In recent years, though, the landscape of the Waikato has begun to change again. The new middle and upper classes of a booming China have decided, for reasons that are perhaps obscure, to make the consumption of dairy products one of the symbols of their prosperity. The milk, cream, yoghurt and cheese produced in regions like the Waikato is devoured in Shanghai and Dalian. The dairy boom has inevitably increased the size of dairy farms and cow herds. Hilly and scrubby land that was long abandoned to sheep and beef farming is being deemed fit for dairying, and new supermarket-sized milking ‘sheds’ are being raised.
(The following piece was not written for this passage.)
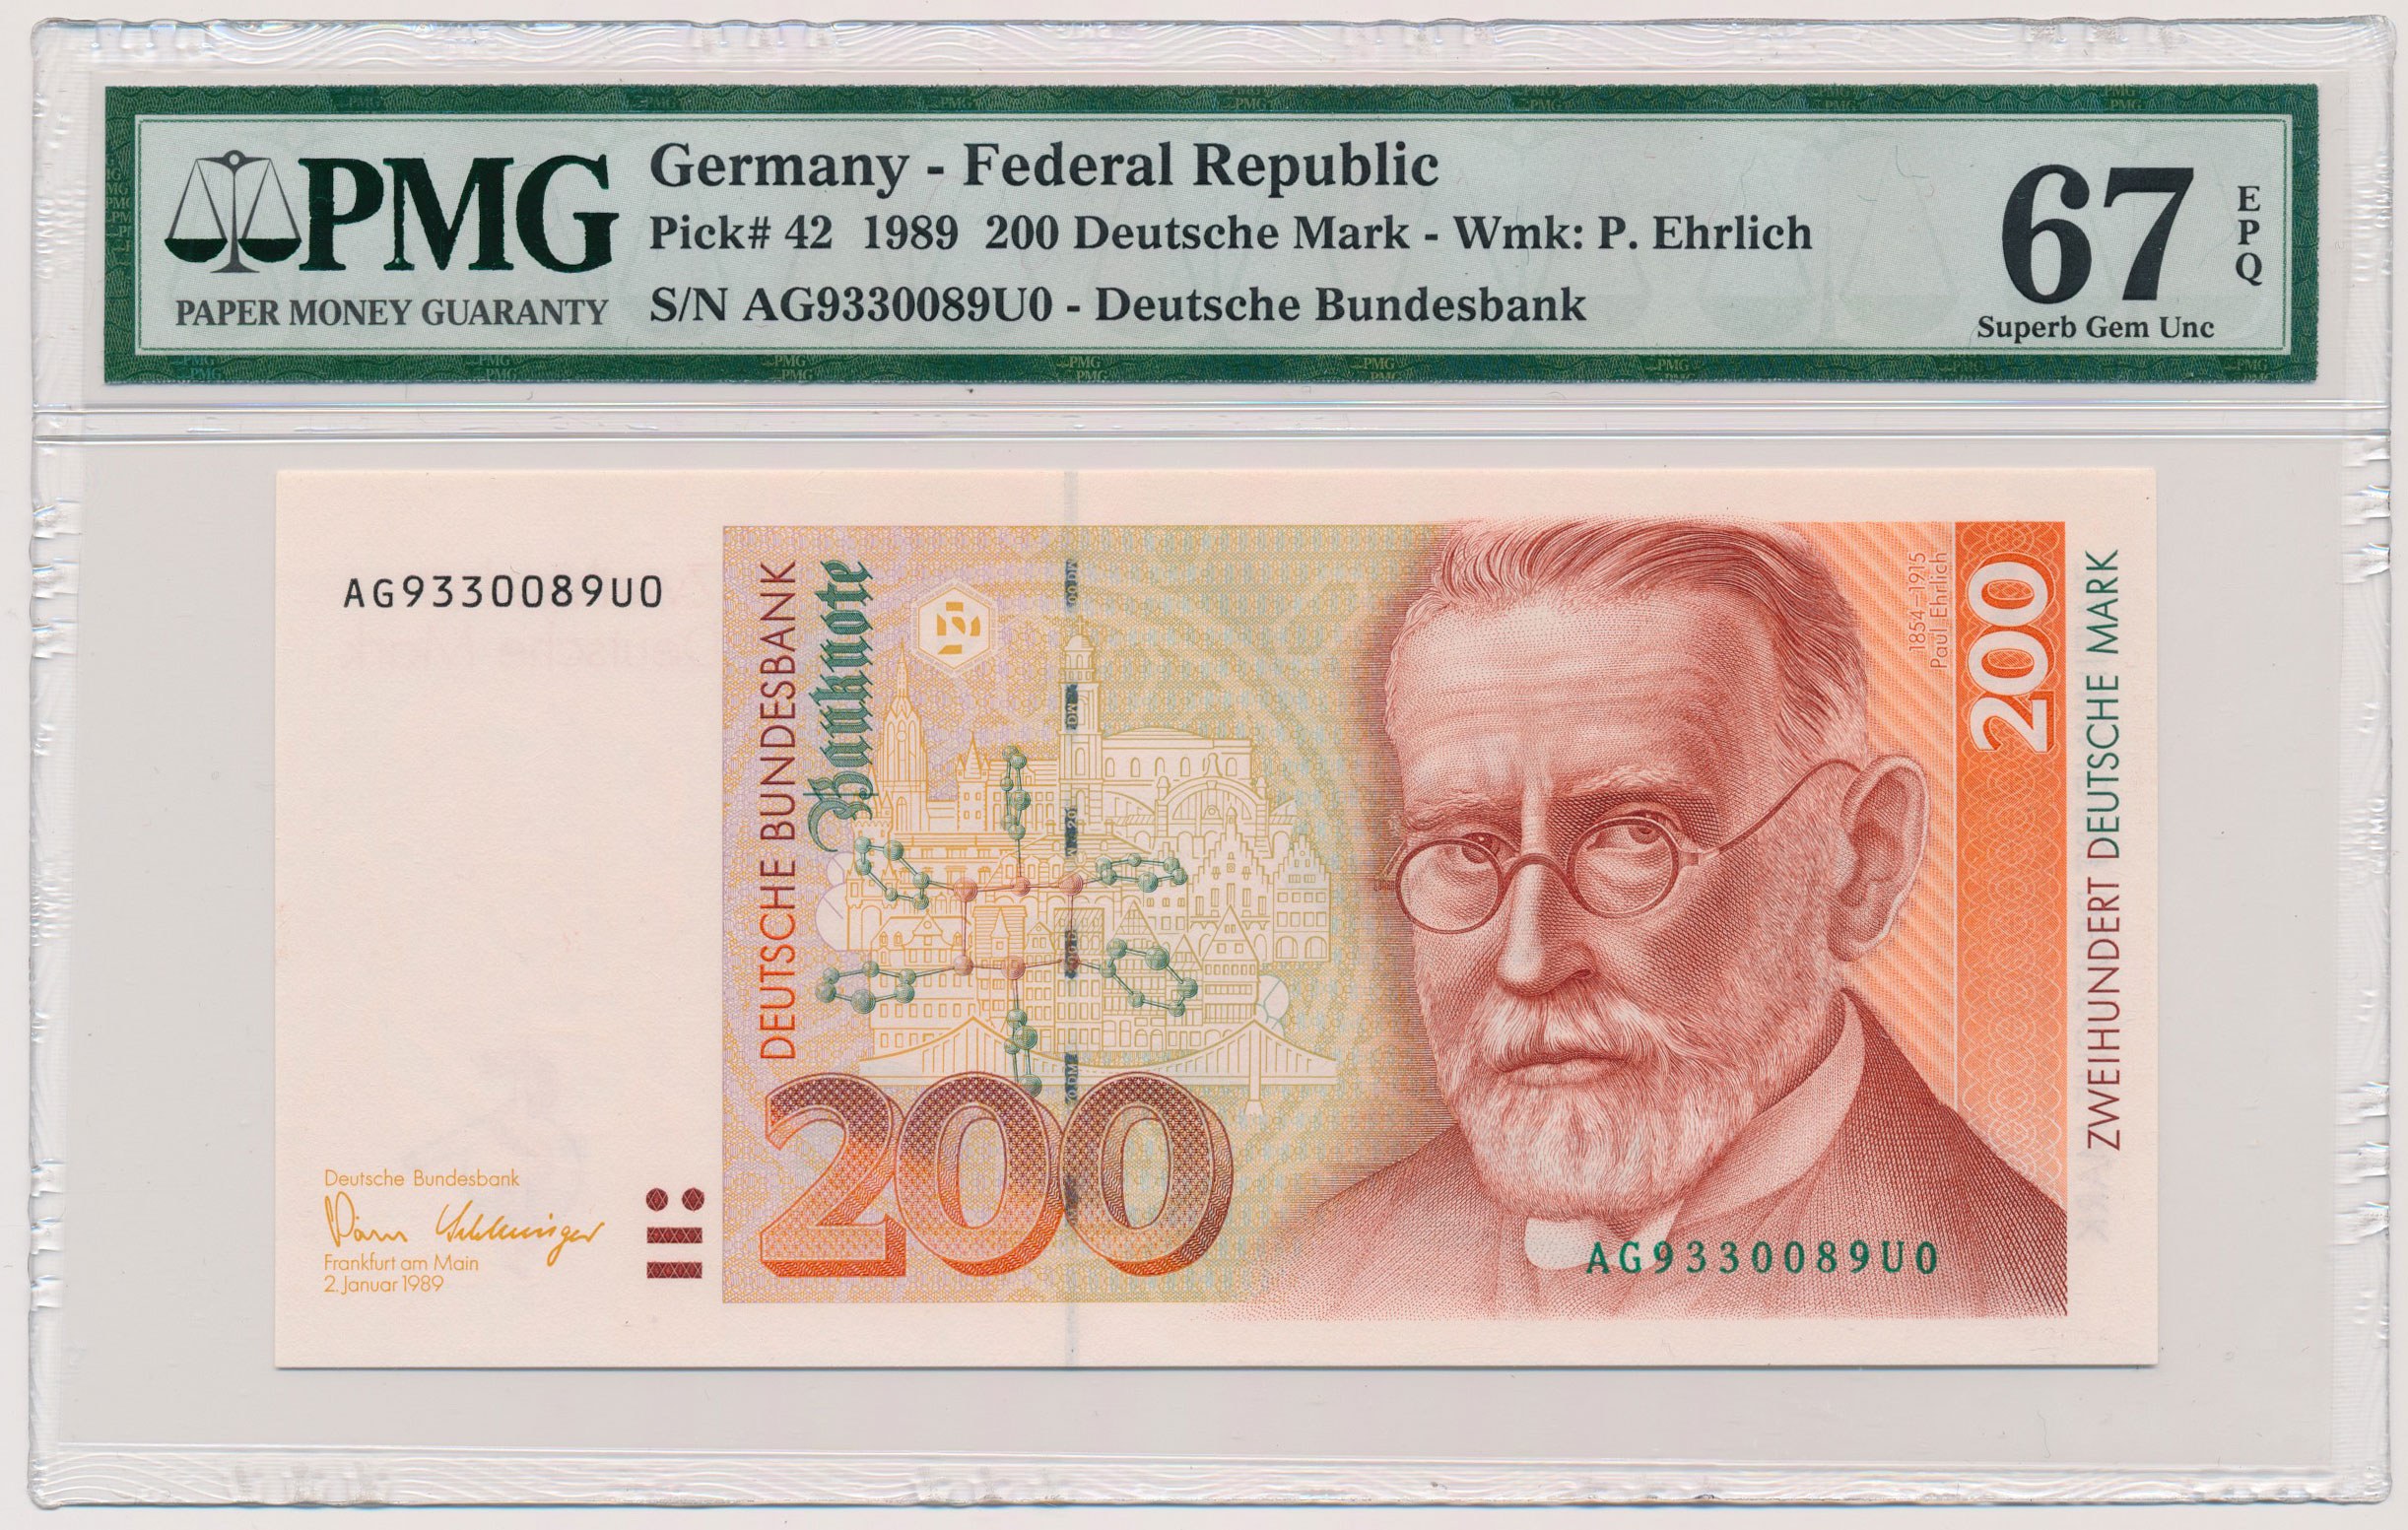 Deutsche mark. Немецкая марка. Немецкие марки валюта. Купюры Германии. Национальная валюта Германии.

The burgeoning dairy herds of the Waikato have an appetite as hard to satisfy as the consumers of China. Farmers have long fed their cows maize, to supplement their diet and increase their milk yields, and the new dairy boom has vastly increased demand for this crop. In the past, many dairy farmers would set aside a paddock or two for a maize crop to feed their stock; increasingly, though, cropping specialists are growing maize on large blocks of land and selling it to dairy farmers. Much of the maize is being grown on low reedy acreage close to the Waikato and Waipa Rivers.
When I travelled down the Great South Road into the Waikato recently, I was amazed that, in the year I had been away, so much cropland had appeared alongside the river. The luxuriant and lost fields I had seen in that ancient photograph seemed to have returned, though in the twenty-first century they are more likely to be owned by an Auckland or Australian-based company than a hapu.
I am not sure how Auckland’s librarians regard the man who founded their institution. Like so many treasures the colonial past has bequeathed us, Grey's hoard of books and images smells of gunpowder and blood. When they retrieved those photographs and notebooks and war charts from their basement, the librarians were exhuming a corpse. But I think that, even if it means annoying the custodians of Auckland’s past, we need to find the photograph I saw in the library’s exhibition room, and put it in your film.